All this will have a baleful effect on the financial system and the broader economy. Retail investors’ hitherto growing interest in stocks, bonds and investment funds, which the government had hoped would reduce Chinese savers’ fixation with property, has reversed. In the long run, that will reduce the flow of capital to business. The got-rich-first will also be more cautious about investing in their own businesses. Li Wei of Cheung Kong Graduate School of Business (CKGSB) in Beijing says entrepreneurs born in the 1960s and 1970s have been the driving force of company formation and wealth creation for decades.
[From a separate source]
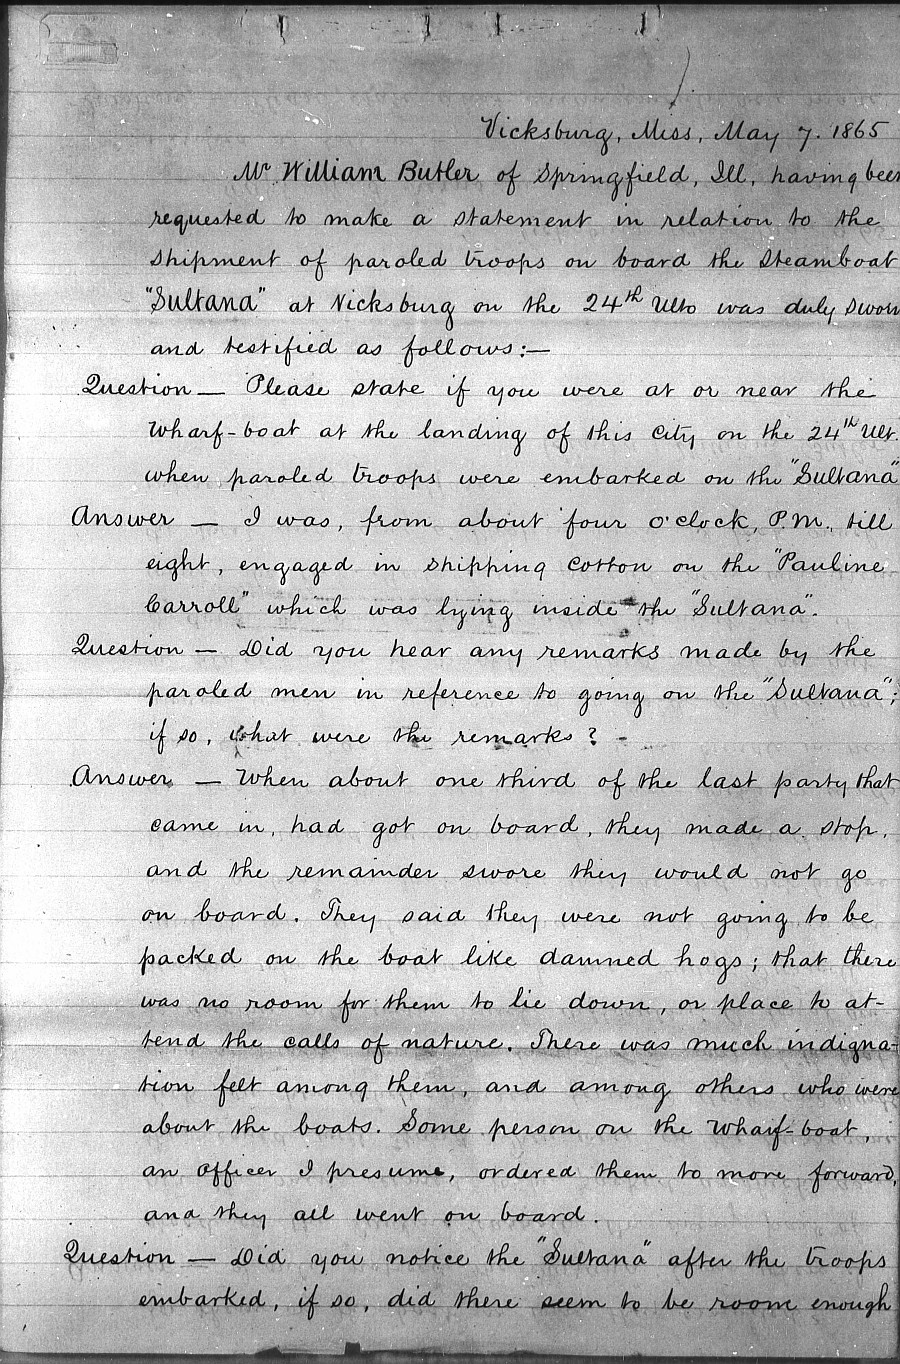 Testimony-of-William-Butler-a-cook-aboard-the-SS-Sultana-given-to-the Washburn-Committee-1

But a survey of business confidence conducted by CKGSB has found declining expectations for profits for seven consecutive months—a first in the survey’s 12-year history, excluding the pandemic.

The landmines are also creating protesters among a previously apolitical group. The got-rich-first tended to look favourably on the government, which helped them to so massively improve their lot over the years. But Ms Xue and Mr Wang, at least, have been transformed into activists, hoping to bring attention to their causes. After posting a video on social media about her landmine injury, Ms Xue began receiving messages from people in different cities who had lost money on the same product. She has urged them to go to the police. She has also led small groups to the offices of Hywin in Beijing. Mr Wang, too, has linked up with fellow investors. They have visited the bank branches in their cities to complain. This appears to be a growing trend among wealthy Chinese who have experienced financial losses. The Economist has spoken to several well-off investors over the past two years who have taken to the streets and even clashed with police in the hopes of spurring the authorities to action.

None of these efforts has been successful. Ms Xue’s visits to the police have resulted only in a warning not to “incite” others to complain. Mr Xi is keen to make financial markets more stable, but he does not want the Communist Party to be blamed when they malfunction. Protesters are usually safe if they stick to complaining about deadbeat firms, but if their actions could be construed as criticism of the government, they risk detention.

Dragon’s denigrators

Even if most got-rich-first keep quiet, however, the current turmoil is unwinding decades of goodwill between the government and its most productive citizens. Whereas previously China’s thriving strivers and the authorities appeared to be on the same side, often in contrast to pampered young people, the state now appears indifferent if not hostile to the problems of the well-to-do. The got-rich-first, says an investment manager, “are just starting to realise that they have become the enemy”. That is a shift that will have grim consequences not just for them, but for all of China.